Contro la rosolia non esiste una terapia specifica, anche se si può eventualmente ricorrere all’uso di paracetamolo per abbassare la febbre. Normalmente comunque l’infezione guarisce da sé in pochi giorni.

Se ad ammalarsi è una donna in gravidanza, la gestione va affidata a un équipe multidisciplinare che comprenda, oltre al ginecologo e all’infettivologo, anche il pediatra, il neonatologo e il teratologo (medico che si occupa delle malformazioni congenite).

Un vaccino per la prevenzione

La rosolia si può prevenire grazie a un vaccino, costituito dal virus vivo attenuato, cioè un virus trattato in modo che possa mantenere la capacità di stimolare le difese immunitarie del soggetto, ma senza scatenare l’infezione.

Proprio per gli alti rischi in gravidanza, fino al 1999, in Italia, la vaccinazione anti-rosolia veniva praticata alle bambine in età pre-puberale (10-13 anni), ma poi si è ritenuta più valida come strategia per limitare la circolazione del virus quella di vaccinare tutti i bambini nel secondo anno di vita con il vaccino trivalente MPR (che comprende anche il vaccino contro il morbillo e quello contro la parotite) e di somministrarne una seconda dose entro i 5-6 anni di età.

Attualmente, l’anti-rosolia rientra tra le vaccinazioni rese obbligatorie dal decreto vaccini del 2017 e, per i nati dal 2018, può essere somministrata con il tetravalente (al trivalente già descritto è aggiunto anche il vaccino contro la varicella): la prima dose è prevista tra il tredicesimo e il quindicesimo mese di vita, mentre la seconda a sei anni.
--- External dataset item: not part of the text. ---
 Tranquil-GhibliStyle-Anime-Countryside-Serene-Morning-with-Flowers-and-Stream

Trattandosi di un vaccino contenente virus vivi attenuati, non va somministrato a soggetti con un deficit delle difese immunitarie (per esempio che assumono farmaci immunosoppressori), oltre che alle donne in gravidanza.

Uno degli obiettivi del Piano d‘azione europeo per le vaccinazioni 2015-2020 consiste nell’eliminazione della rosolia e della sindrome da rosolia congenita. Per monitorare l’efficacia dei programmi vaccinali e i progressi verso l’eliminazione del virus, in Italia è attivo un sistema nazionale di sorveglianza della rosolia congenita e delle infezioni da rosolia in gravidanza, che dal 2005 sono incluse tra le malattie infettive che devono essere obbligatoriamente notificate.
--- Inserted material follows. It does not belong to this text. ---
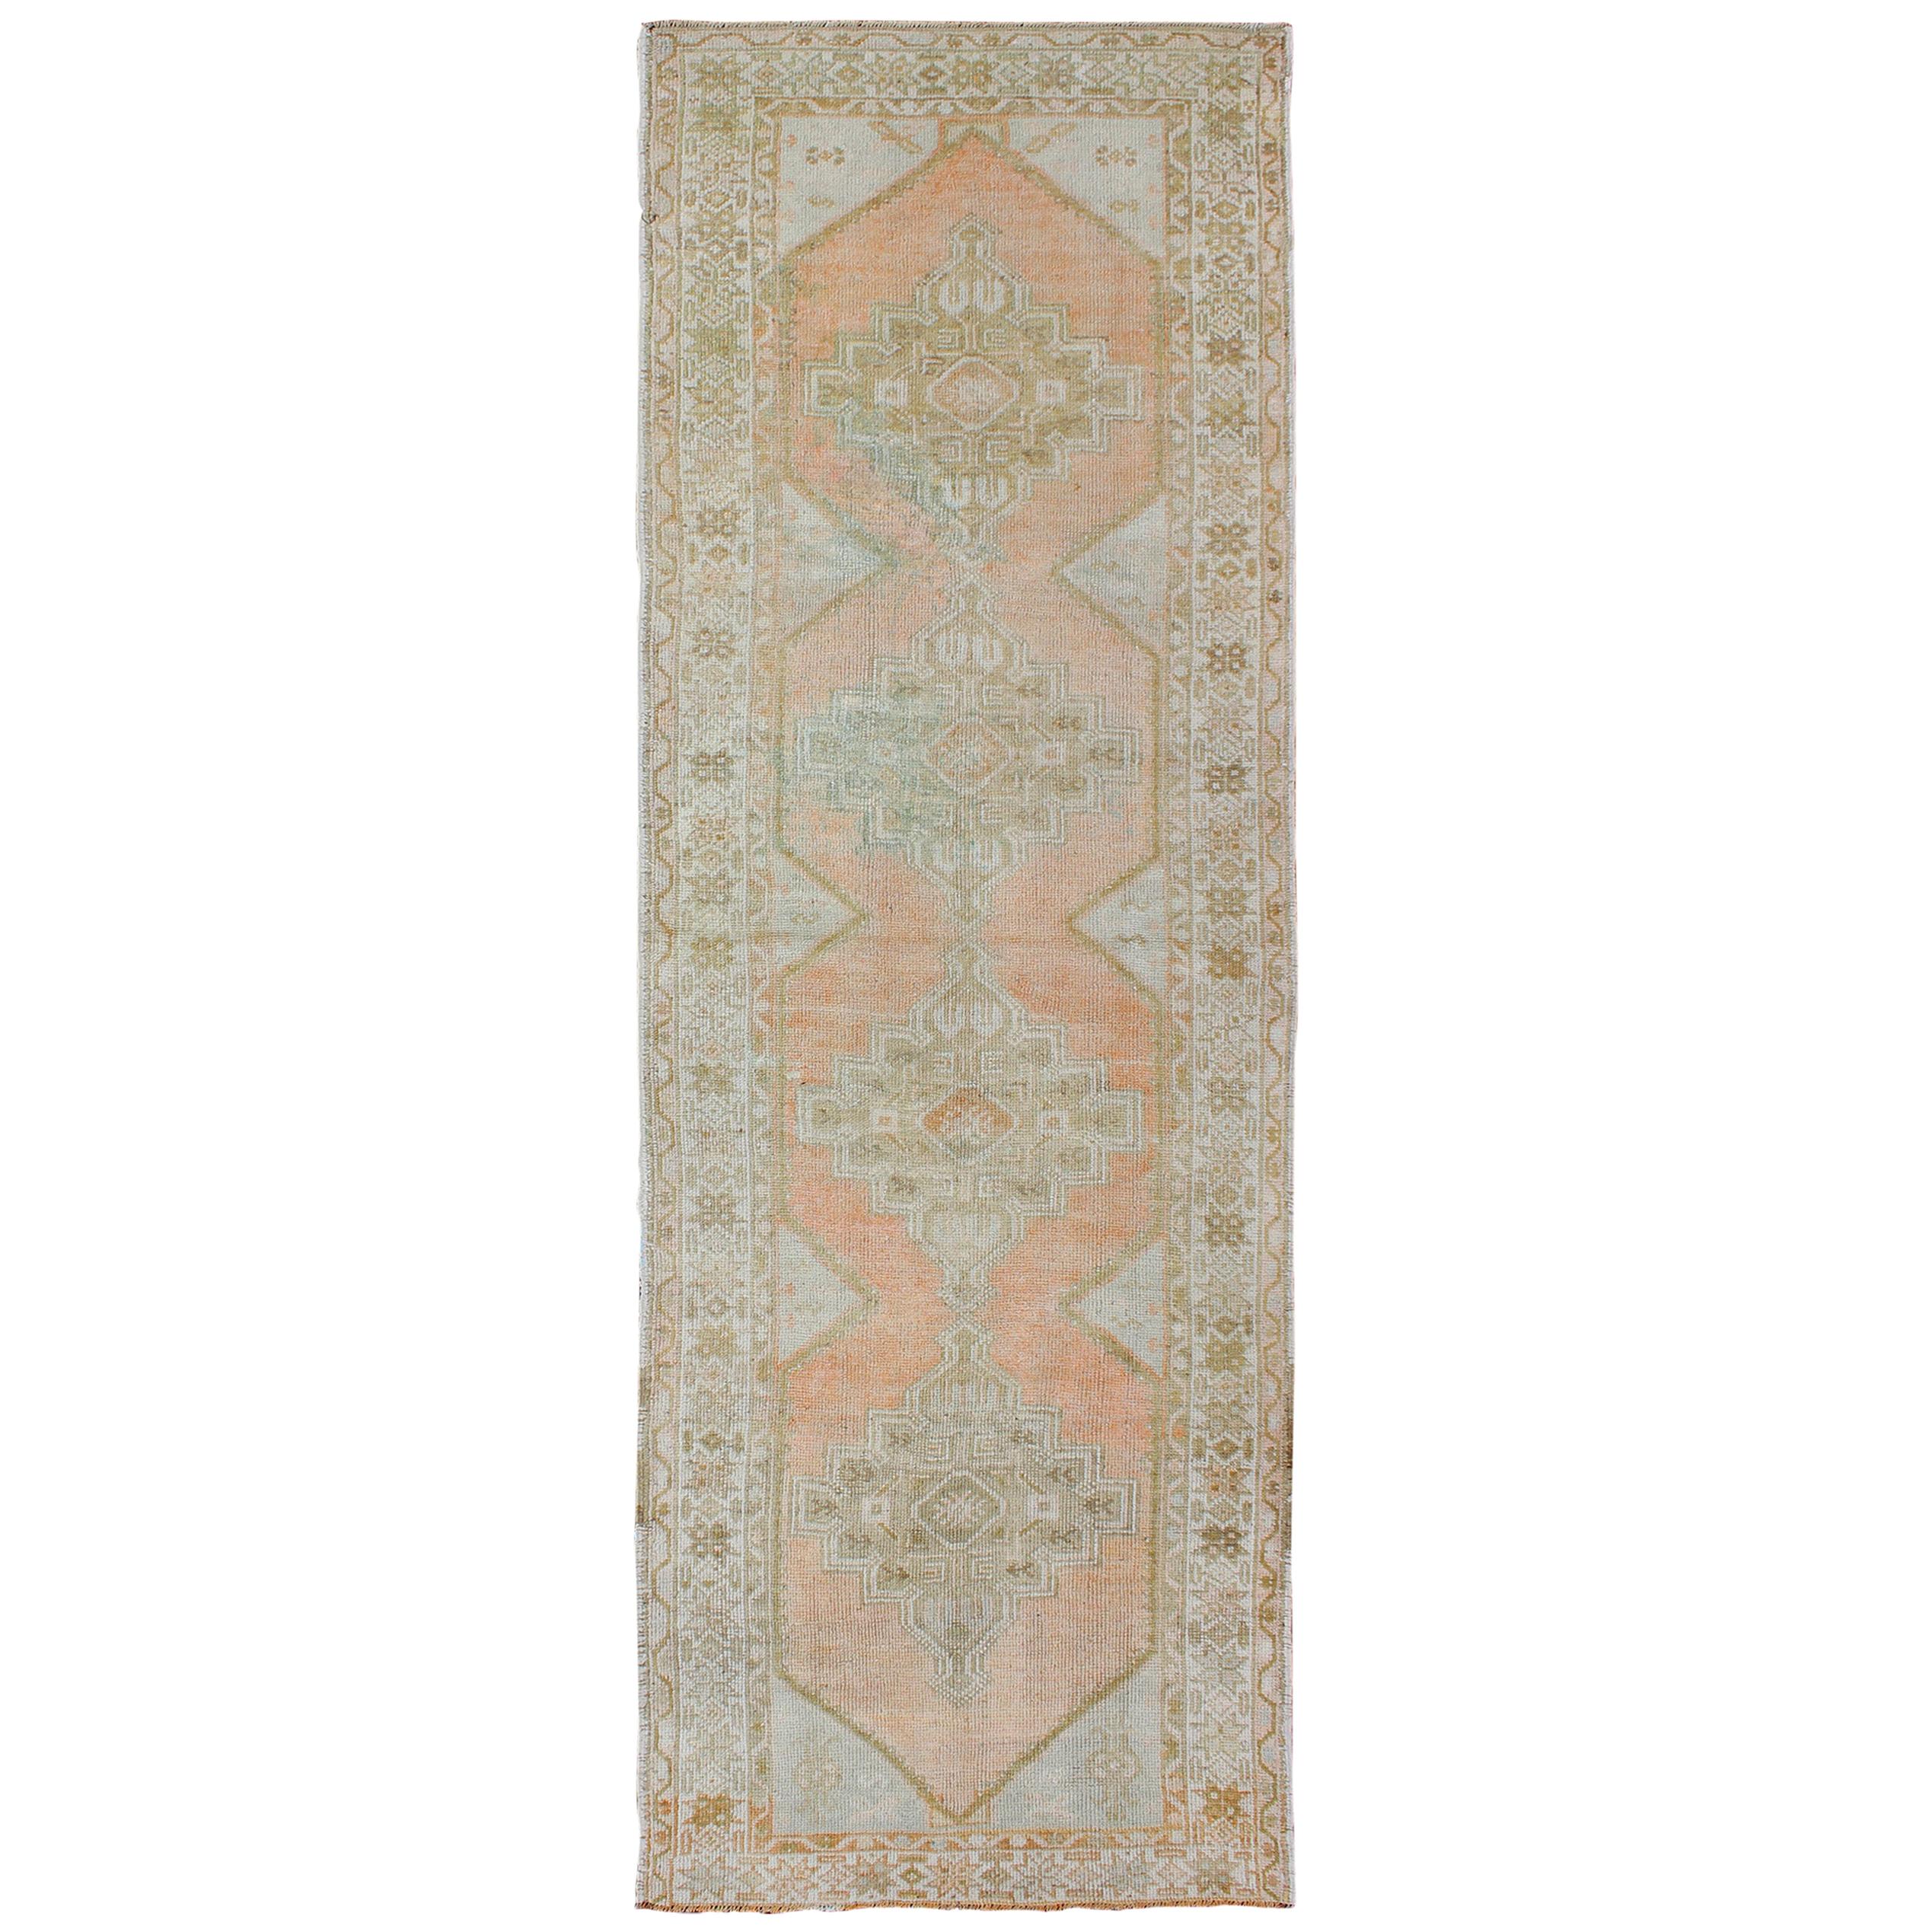 Vintage Turkish Oushak Runner with Faded Coral, Green and Light Brown

Sul portale Epicentro dell’Istituto superiore di sanità è così possibile visualizzare i rapporti periodici del sistema di sorveglianza. L’ultimo attualmente disponibile (relativo al periodo gennaio 2005-febbraio 2018) riporta 88 casi di rosolia congenita, di cui 80 confermati e 8 probabili, e 173 casi di rosolia in gravidanza, di cui 160 confermati, 9 probabili e 4 possibili.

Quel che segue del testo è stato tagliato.